*GOAL OF THE EXERCISE*
Return the data exactly, without pictures.
======== RECORDED DATA
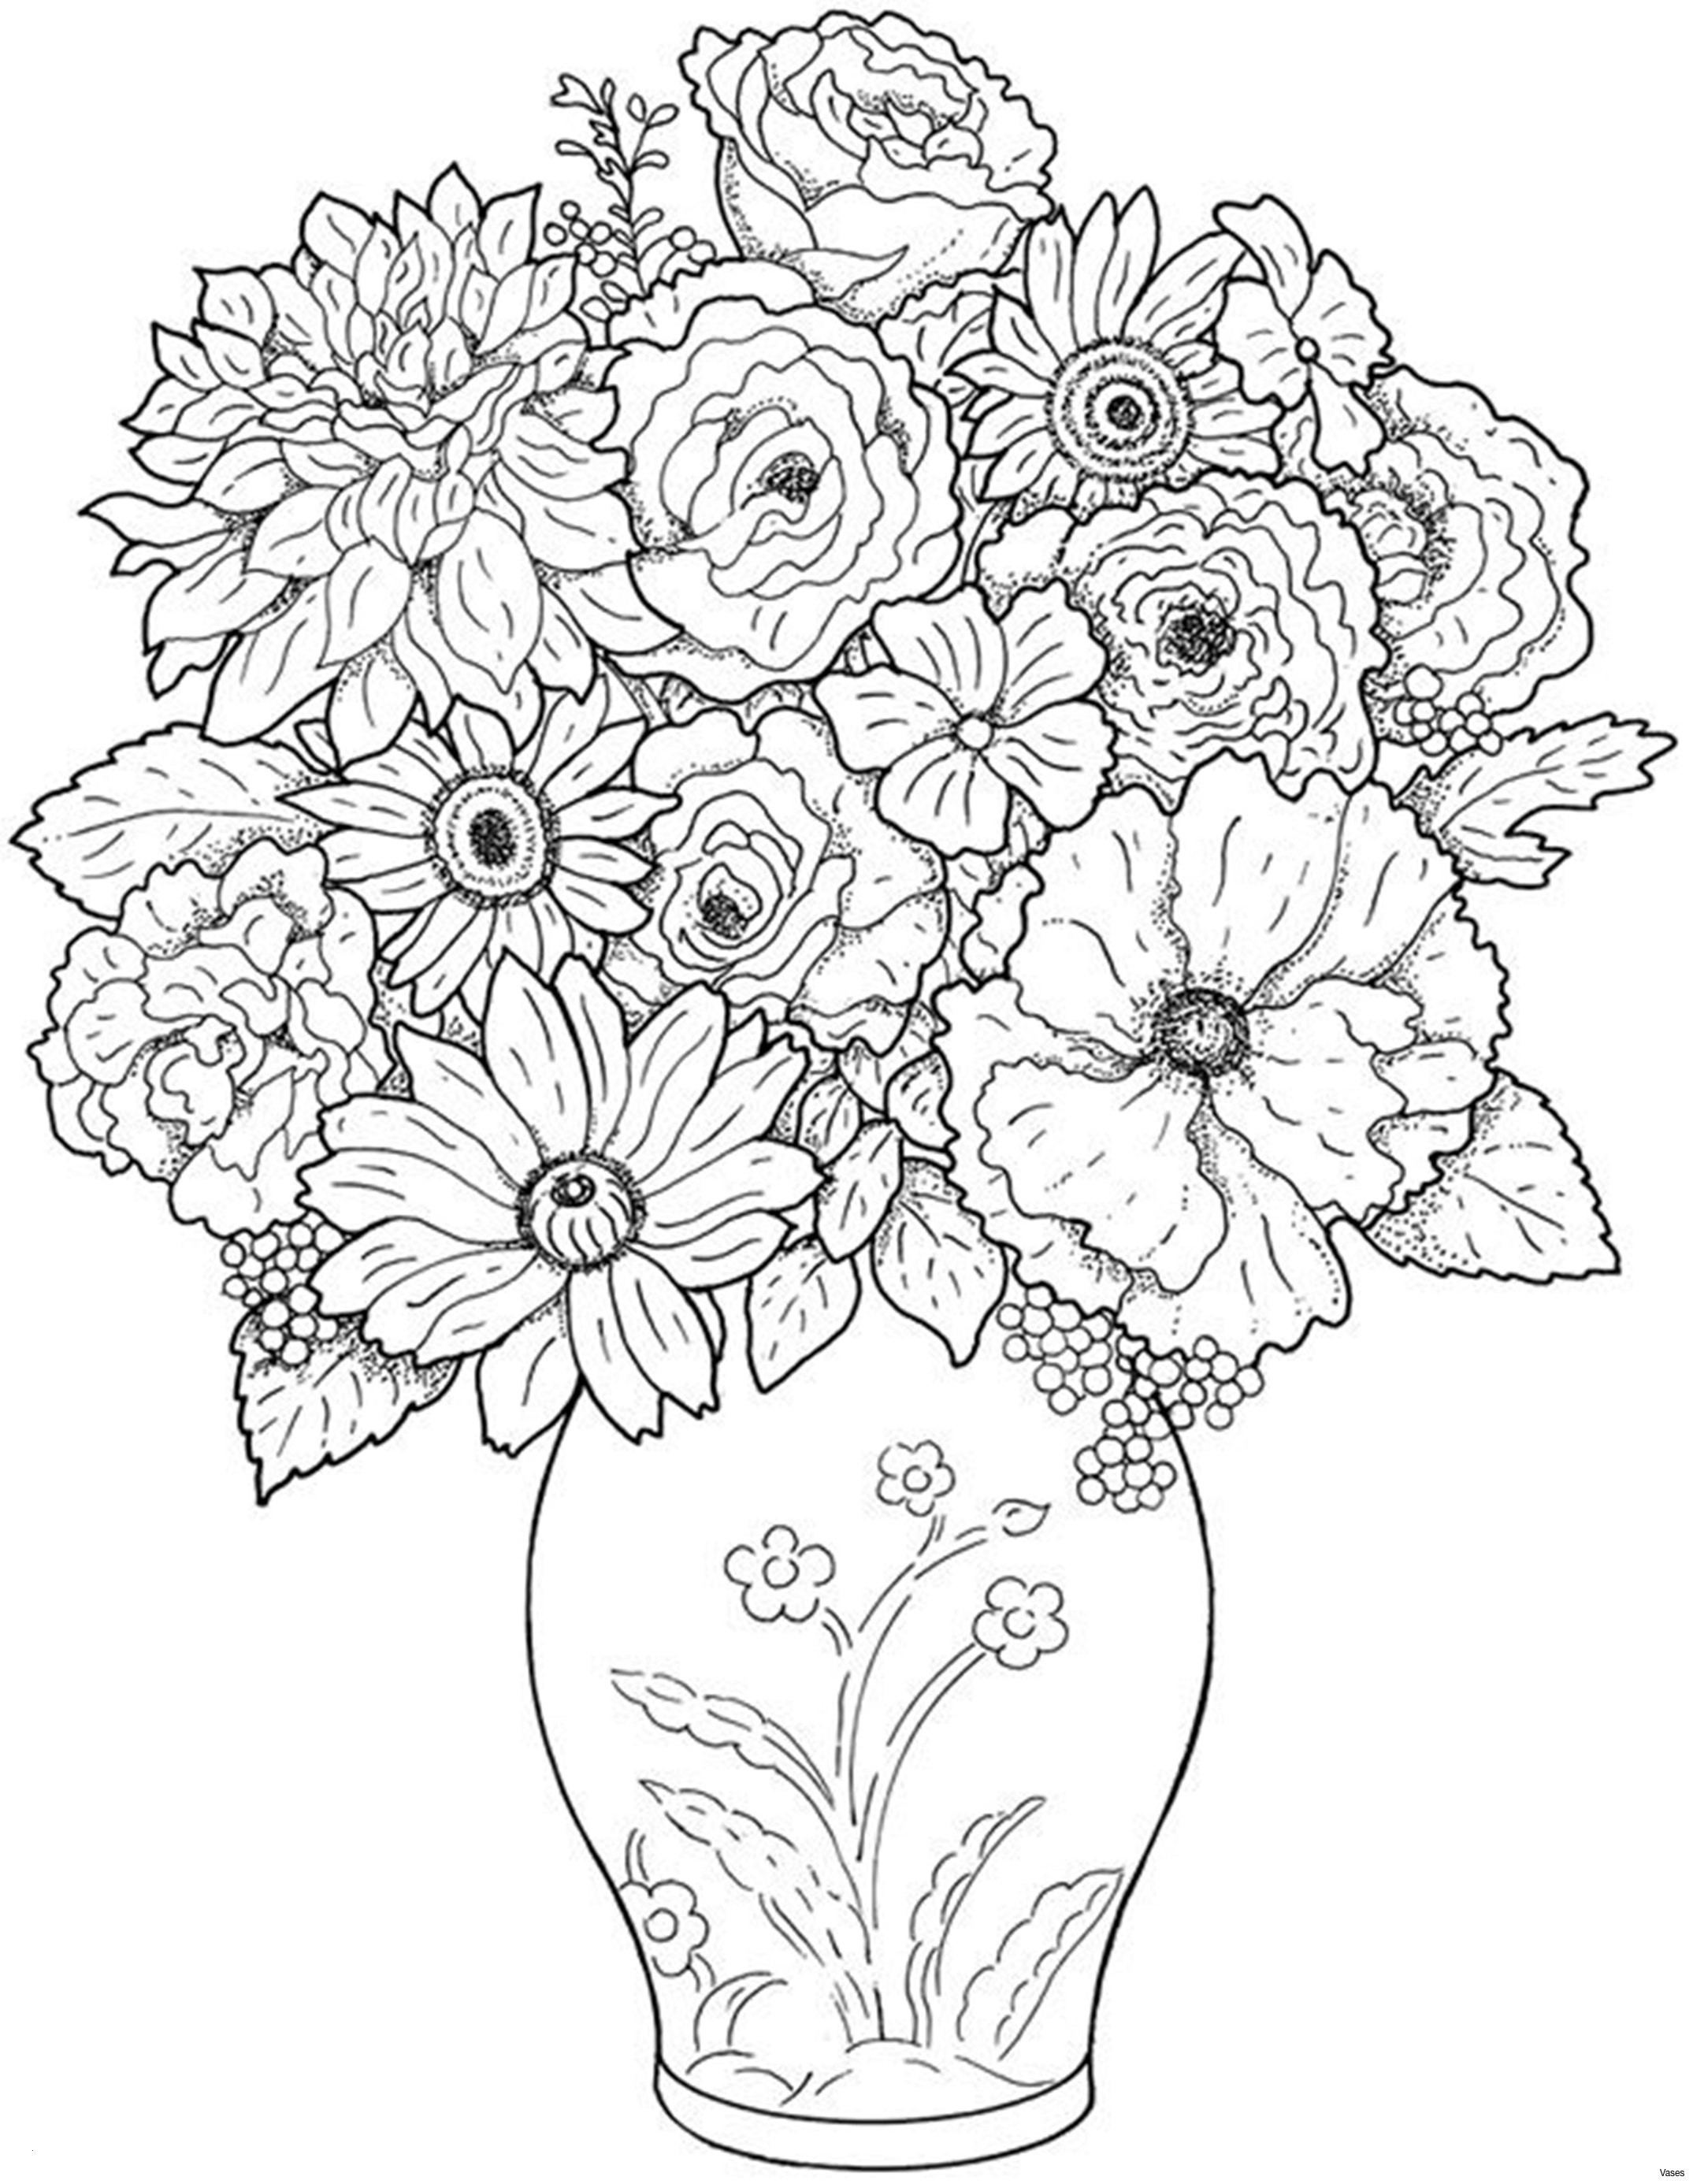 11 Recommended Sunflowers Blue Vase 2024 free download sunflowers blue vase of sunny the sunflower coloring page 34 best fall flowers coloring inside sunny the sunflower coloring page 34 best fall flowers coloring pages cloud9vegas
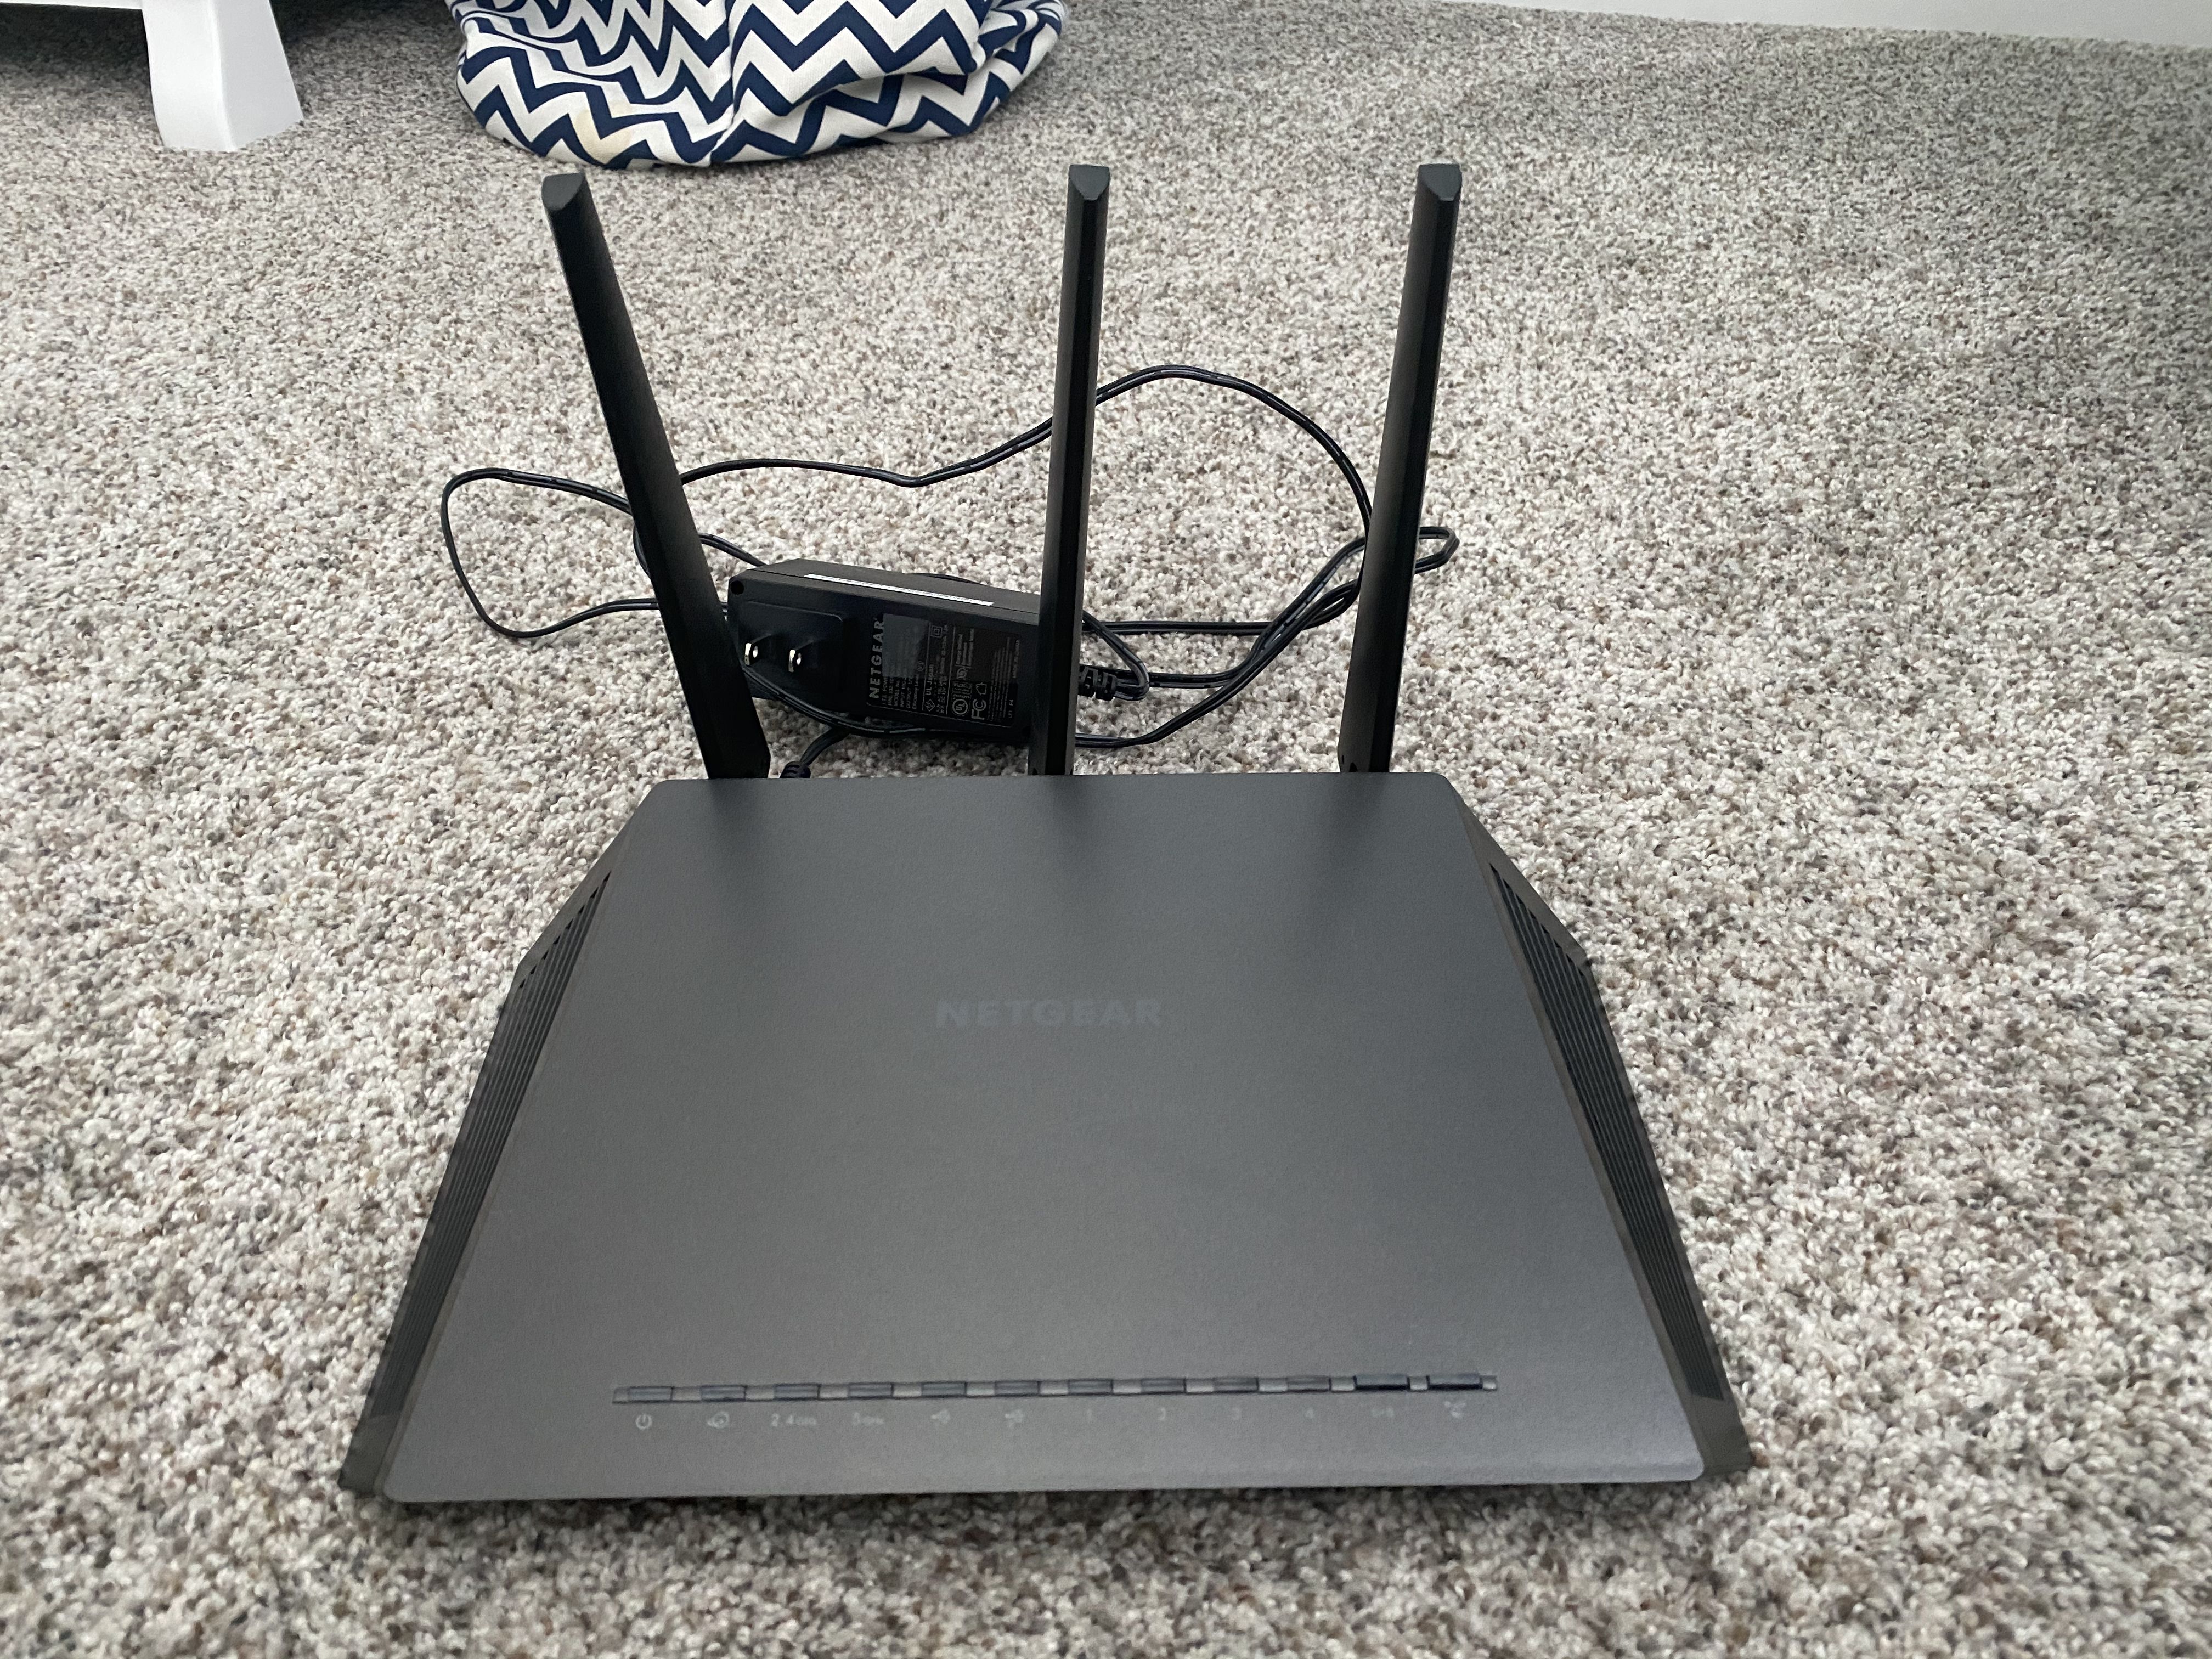 NETGEAR Nighthawk Smart WiFi Router (R7000P) - AC2300 Wireless Speed (up to 2300 Mbps) | Up to 2000 sq ft Coverage & 35 Devices | 4 x 1G Ethernet and
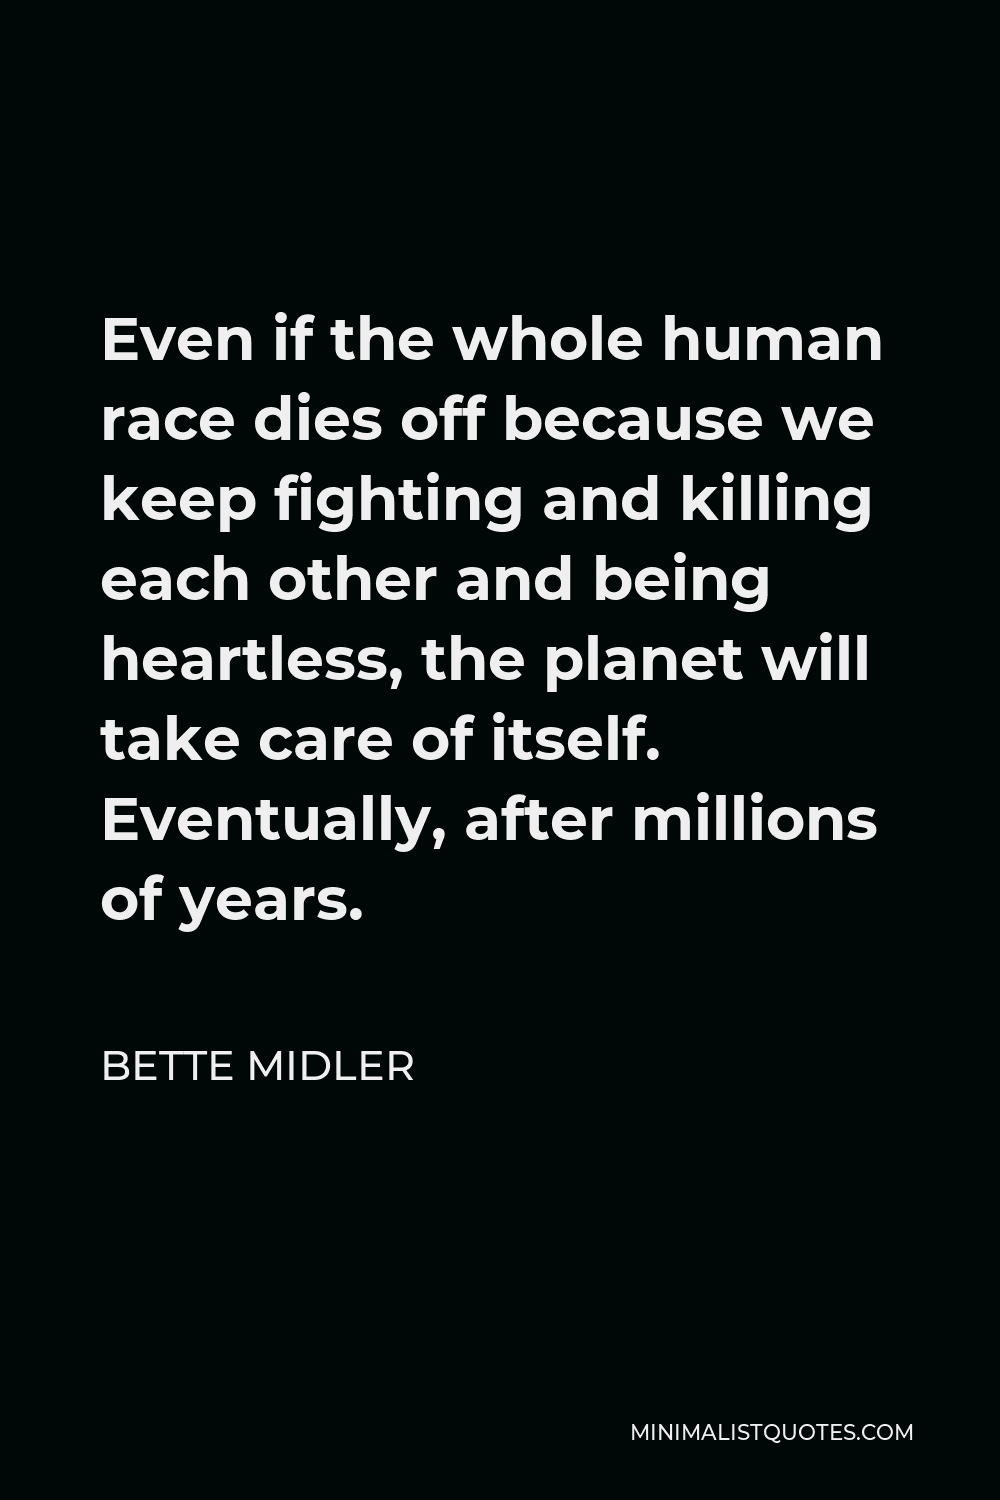 Bette Midler Quote - Even if the whole human race dies off because we keep fighting and killing each other and being heartless, the planet will take care of itself. Eventually, after millions of years.
================
*SOLVED EXERCISE*
 11 Recommended Sunflowers Blue Vase 2024 free download sunflowers blue vase of sunny the sunflower coloring page 34 best fall flowers coloring inside sunny the sunflower coloring page 34 best fall flowers coloring pages cloud9vegas
 NETGEAR Nighthawk Smart WiFi Router (R7000P) - AC2300 Wireless Speed (up to 2300 Mbps) | Up to 2000 sq ft Coverage & 35 Devices | 4 x 1G Ethernet and
 Bette Midler Quote - Even if the whole human race dies off because we keep fighting and killing each other and being heartless, the planet will take care of itself. Eventually, after millions of years.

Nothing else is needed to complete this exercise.